*Brief*. Drop the pictures; give again exactly the lines from the one holding "briggs and stratton 300e series parts manual" through the end of the data.

*Stored data*.
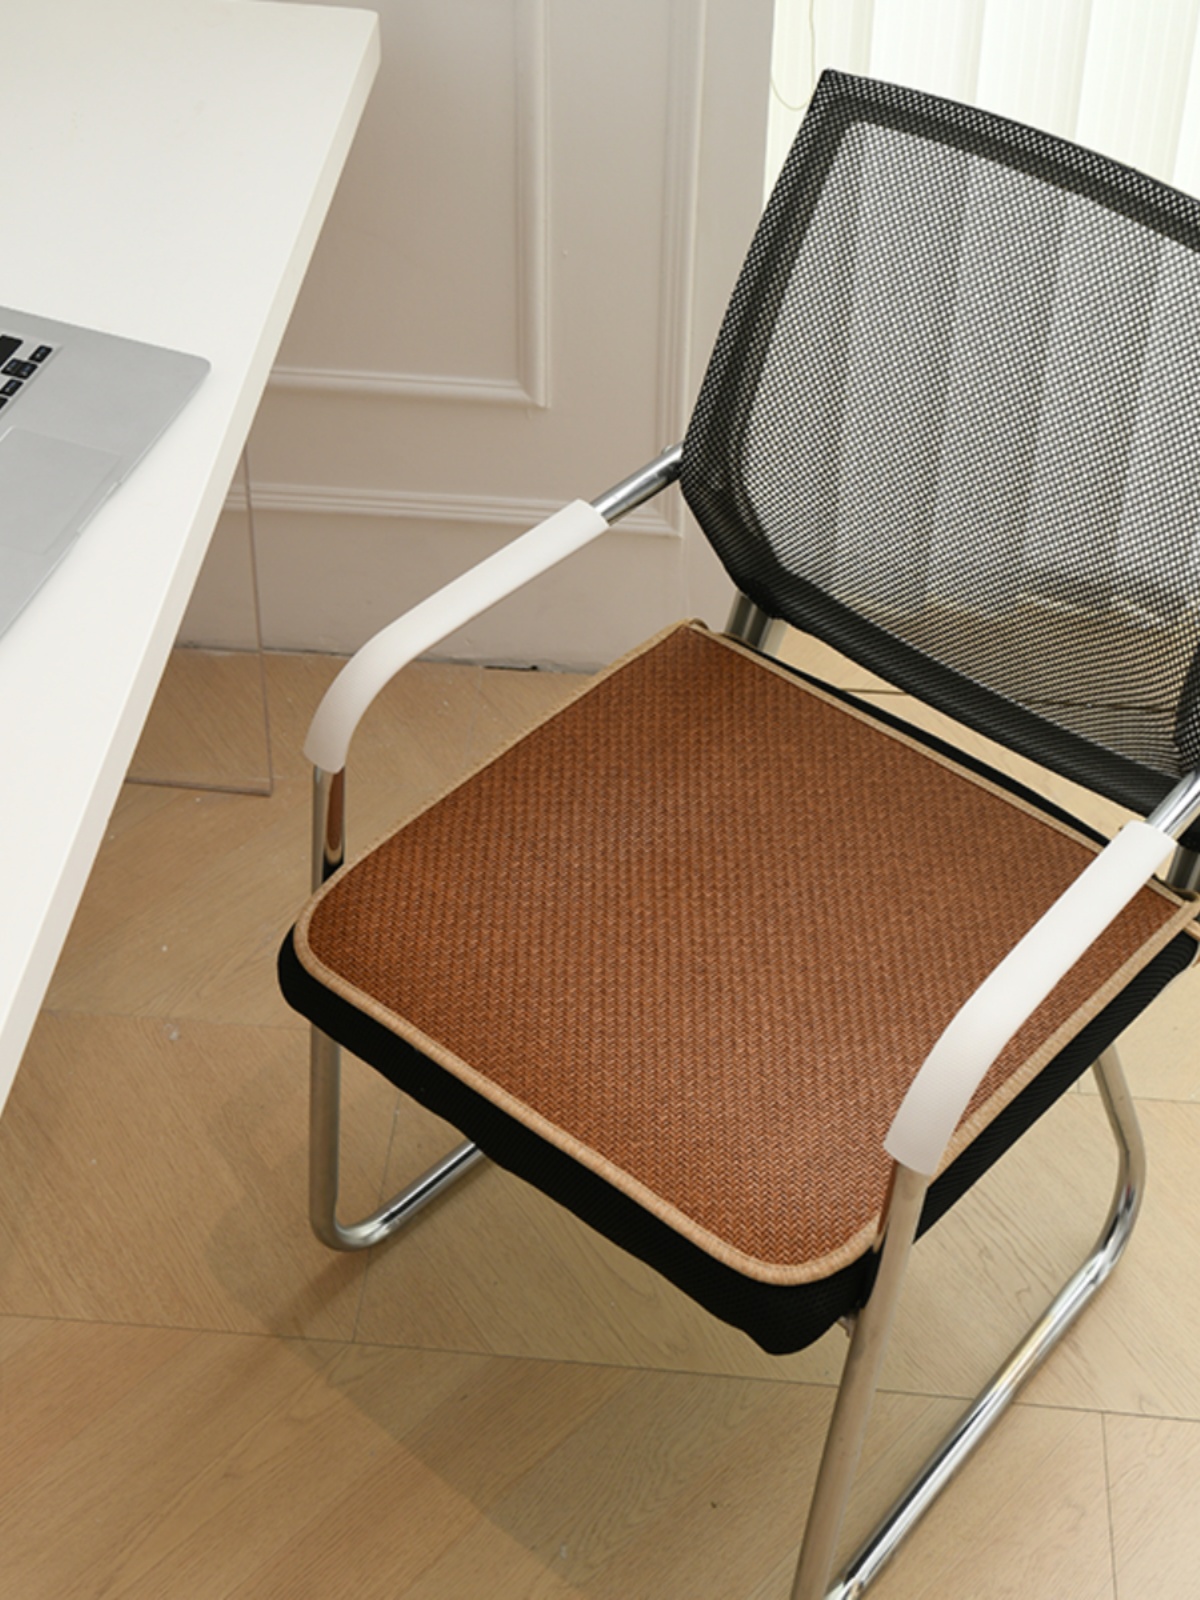 學生四季藤椅坐墊 涼蓆辦公室簡約現代風格 格子 45x45cm
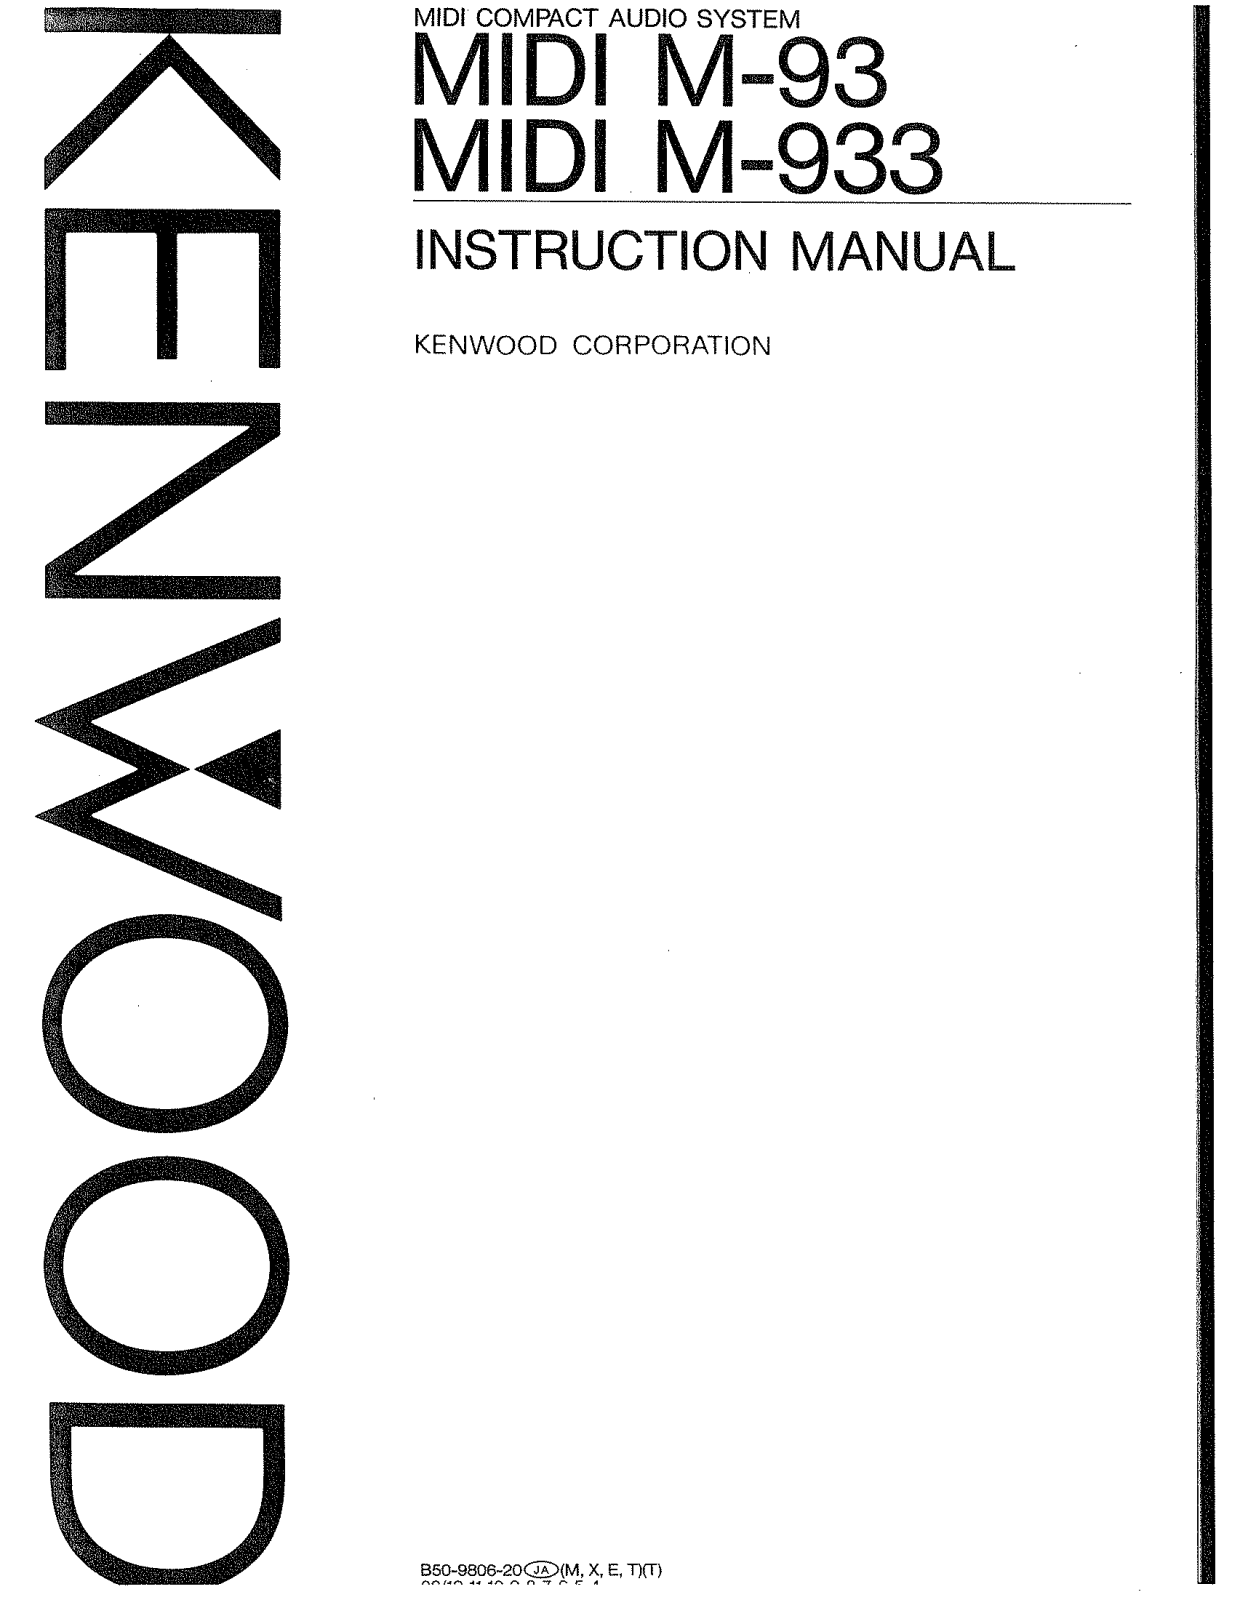 Kenwood X-93, T-93L, T-93, MIDI M-933, MIDI M-93 Owner's Manual
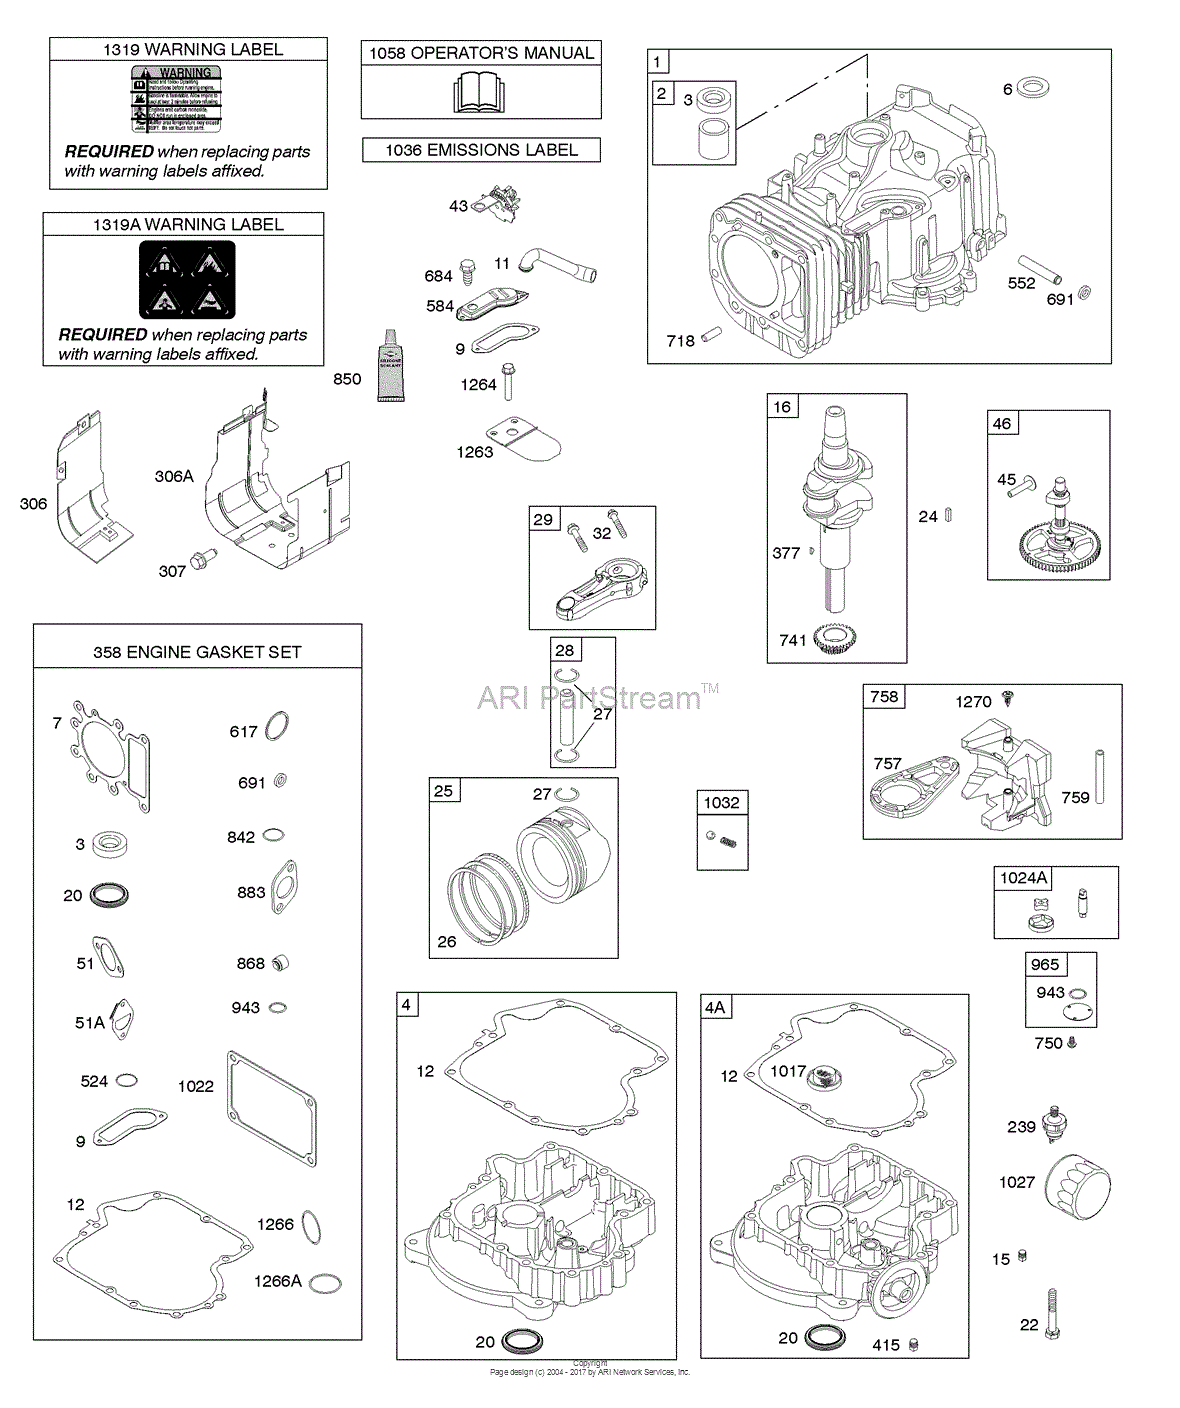 briggs and stratton 300e series parts manual
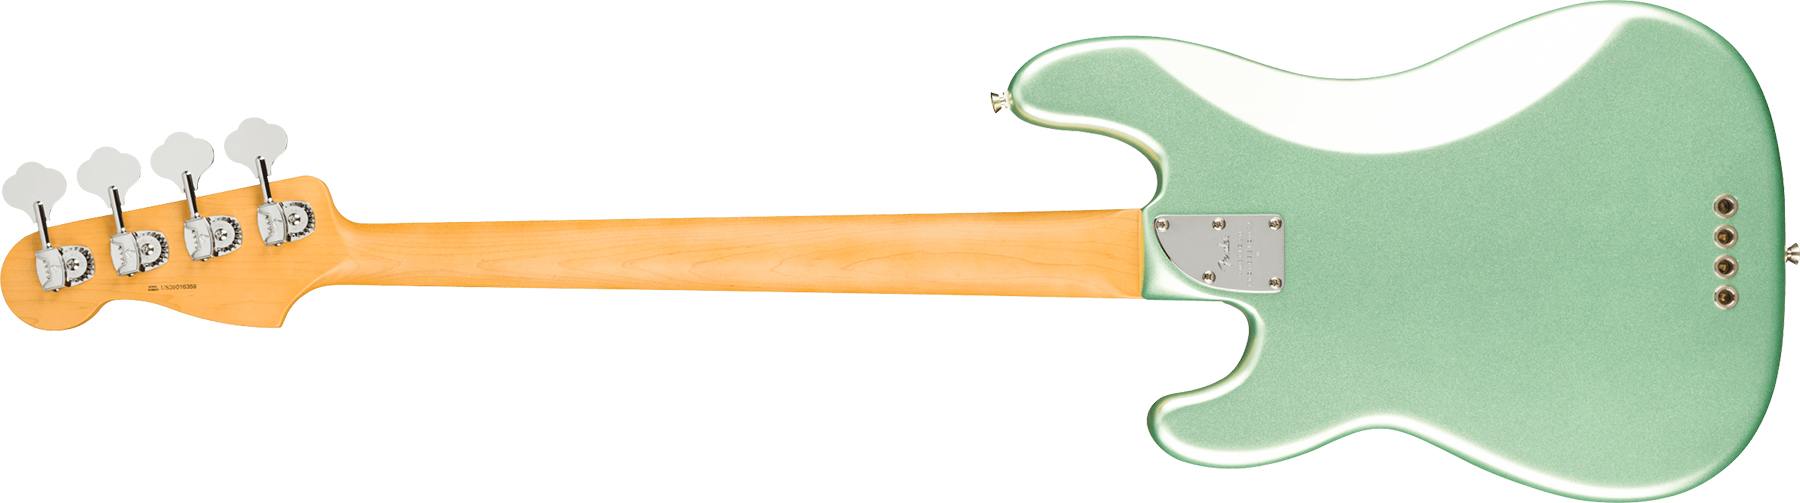 Fender Precision Bass American Professional Ii Usa Rw - Mystic Surf Green - Bajo eléctrico de cuerpo sólido - Variation 1

*Completed task*.
 briggs and stratton 300e series parts manual
 Fender Precision Bass American Professional Ii Usa Rw - Mystic Surf Green - Bajo eléctrico de cuerpo sólido - Variation 1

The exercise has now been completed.